What Every California Homeowner Should Know About Subterranean Termites

subterranean termite controlWe’re entering subterranean termite swarming season. In California, this usually occurs in the spring after warm weather and rain. Hopefully it won’t happen to you, but sometime in the next few months subterranean termites may swarm.

The worst place for that to happen is inside your home. Not because the swarmers will successfully start a colony indoors—they need soil for that—but because of where they likely came from.

If your home has a raised foundation, the termites may have originated in the crawl space and traveled inside through floor boards or small openings. In homes built on slab foundations, subterranean termites can construct swarming tubes that extend from the soil through cracks in the slab. Whether your home is built on a raised foundation or a slab, subterranean termites can still make their way inside.

How to Tell the Difference Between Subterranean and Drywood Termites

Subterranean and drywood termite swarmers look very similar. Both are about ¼ inch long, with dark bodies, straight antennae, and two pairs of wings of equal length. Their waists are broad, unlike the narrow waist of swarming ants.

The easiest way to tell them apart is the timing of the swarm. Subterranean termites swarm in the spring and have dark heads that match their bodies. Drywood termites swarm in the fall and have reddish heads.

Mud tubes are one of the clearest signs of subterranean termite activity. These pencil-sized tubes are made from soil and termite droppings and may run up foundations, along framing members, or across piers in a crawl space. In some cases, they even hang from floor joists down to the soil below.

Subterranean termite damage is also distinctive. Their feeding usually follows the grain of the wood, leaving channelized galleries filled with dirt and droppings. Drywood termite damage, by contrast, is typically clean and smooth. When mud tubes aren’t present, subterranean termite damage can sometimes be mistaken for wood rot.

subterranean termite control

 

Treatment Options for Subterranean Termites

The traditional treatment for subterranean termites is a soil treatment. These treatments are often most effective in crawl spaces because more soil can be treated. In homes with slab foundations, treatment is usually limited to the perimeter of the home, and pavement can sometimes limit where drilling can be done.

subterranean termite controlSoil treatments work because the chemical adheres to termites as they travel through treated soil. Subterranean termites are social insects that feed and groom each other, so the termiticide spreads throughout the colony. Only a small amount is needed to be lethal.
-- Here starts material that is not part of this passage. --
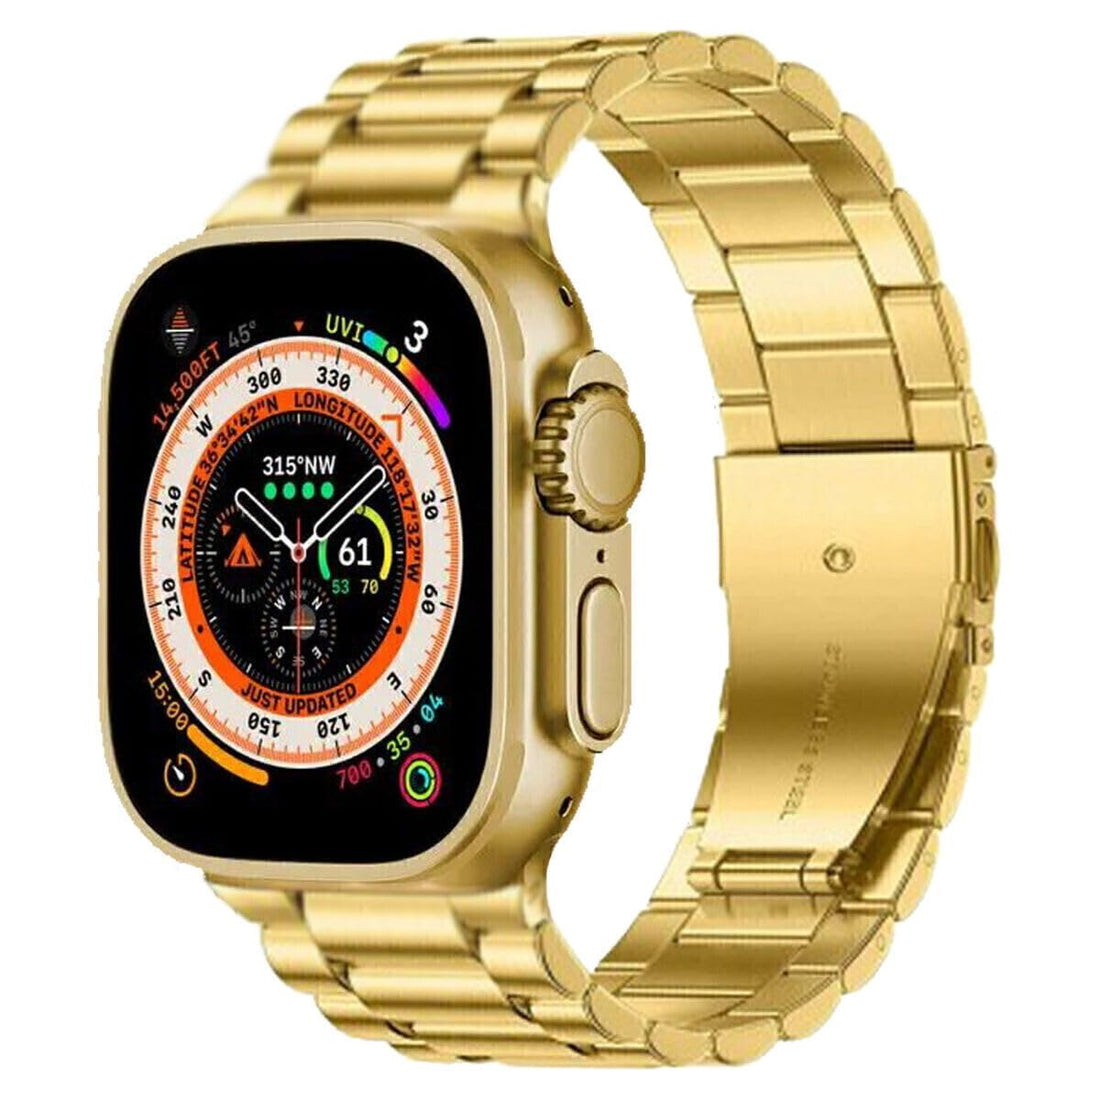 HK 9Ultra Smart Watch Gold Edition

Bait stations have become popular with larger companies because they generate recurring service fees. Stations are installed around the home and must first be discovered by foraging termites before they can be effective. Soil treatments, by comparison, involve a one-time cost and can remain effective for many years.
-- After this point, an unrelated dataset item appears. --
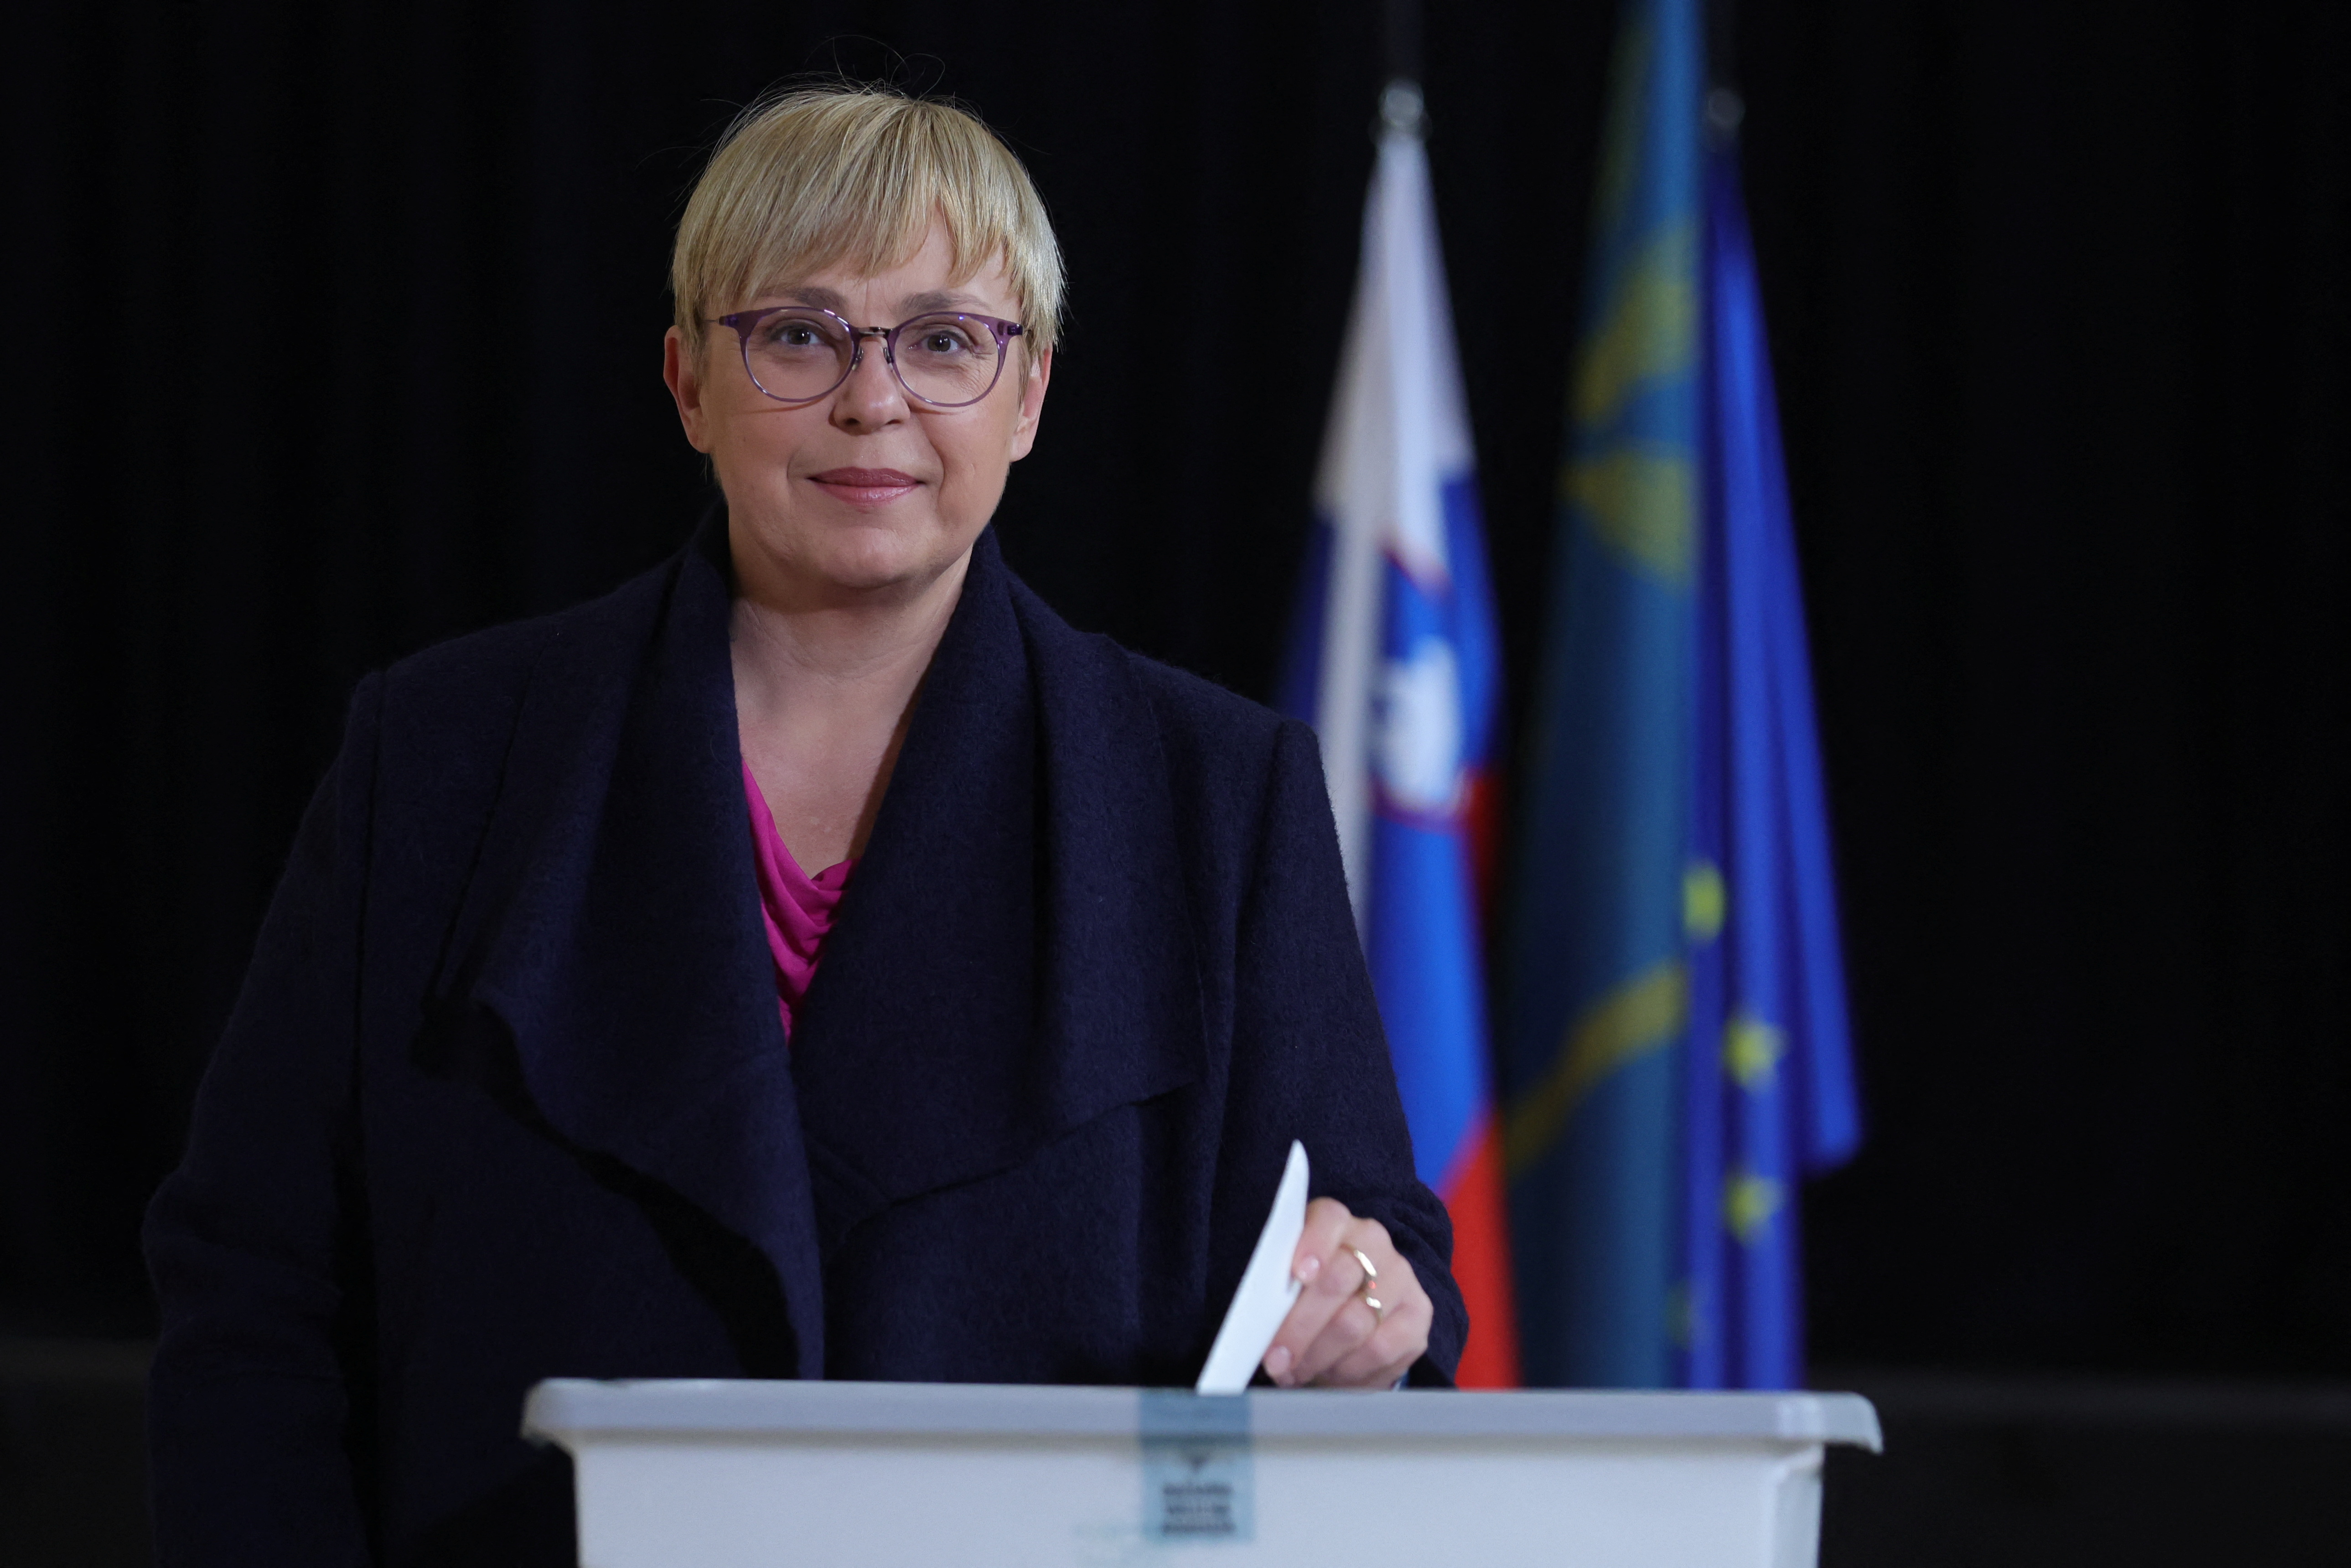 Natasa Pirc Musar wins runoff vote, becomes Slovenia's first woman

Some termite professionals prefer a more targeted approach. Treating infested wood with a fipronil-based product, followed by a borate treatment on exposed wood, can sometimes eliminate a colony. Worker termites constantly travel between their colony and their food source, and when they consume treated wood they can carry the termiticide back with them.

Why Subterranean Termites Often Go Undetected

Subterranean termites often go unnoticed because they stay hidden. Unlike drywood termites, they don’t push their droppings out of their galleries. They typically infest wood inside walls or beneath homes, where homeowners rarely look.

Unless termites swarm or build mud tubes along a foundation or baseboard, many infestations aren’t discovered until a wall is opened during a remodel. Most homeowners aren’t going to crawl through their crawl space from one end to the other looking for termite activity.

This is why professional inspections matter. A good inspector looks beyond the obvious and checks the areas most homeowners never see—crawl spaces, attics, garages, and other hidden structural areas where termites are most likely to be active.

What To Do If You See Swarming Termites in Your Home

If you see termites swarming inside your home, it doesn’t necessarily mean they are starting a colony indoors. However, it does mean there is likely an active colony nearby.

The best step is to schedule a professional inspection as soon as possible to determine where the termites originated and whether treatment is necessary.

A Word About Fumigation

Fumigation does not solve subterranean termite problems. It only kills the termites inside the structure at the time of treatment and does not reach the colony in the soil. It also leaves no residual protection, meaning termites can quickly return once the gas dissipates.

Some companies also promote preventative treatments based on conditions that attract subterranean termites, such as flower beds against the home or wood in contact with soil. While preventative treatments can have value in certain situations, they should be carefully considered.

The Value of an Honest Inspection

The most important protection a homeowner can have is a thorough annual termite inspection. Subterranean termites are far easier—and far less expensive—to deal with when they’re discovered early.

A good termite company should show you exactly what they find, explain the conditions that may be attracting termites, and help you decide whether treatment is truly necessary. Sometimes treatment is needed immediately. Other times the best approach is simply monitoring the situation and correcting moisture or structural conditions that make termite activity more likely.

Responsible homeowners understand that an ounce of prevention is worth a pound of treatment. Regular inspections and early detection remain the best way to protect your home from subterranean termite damage.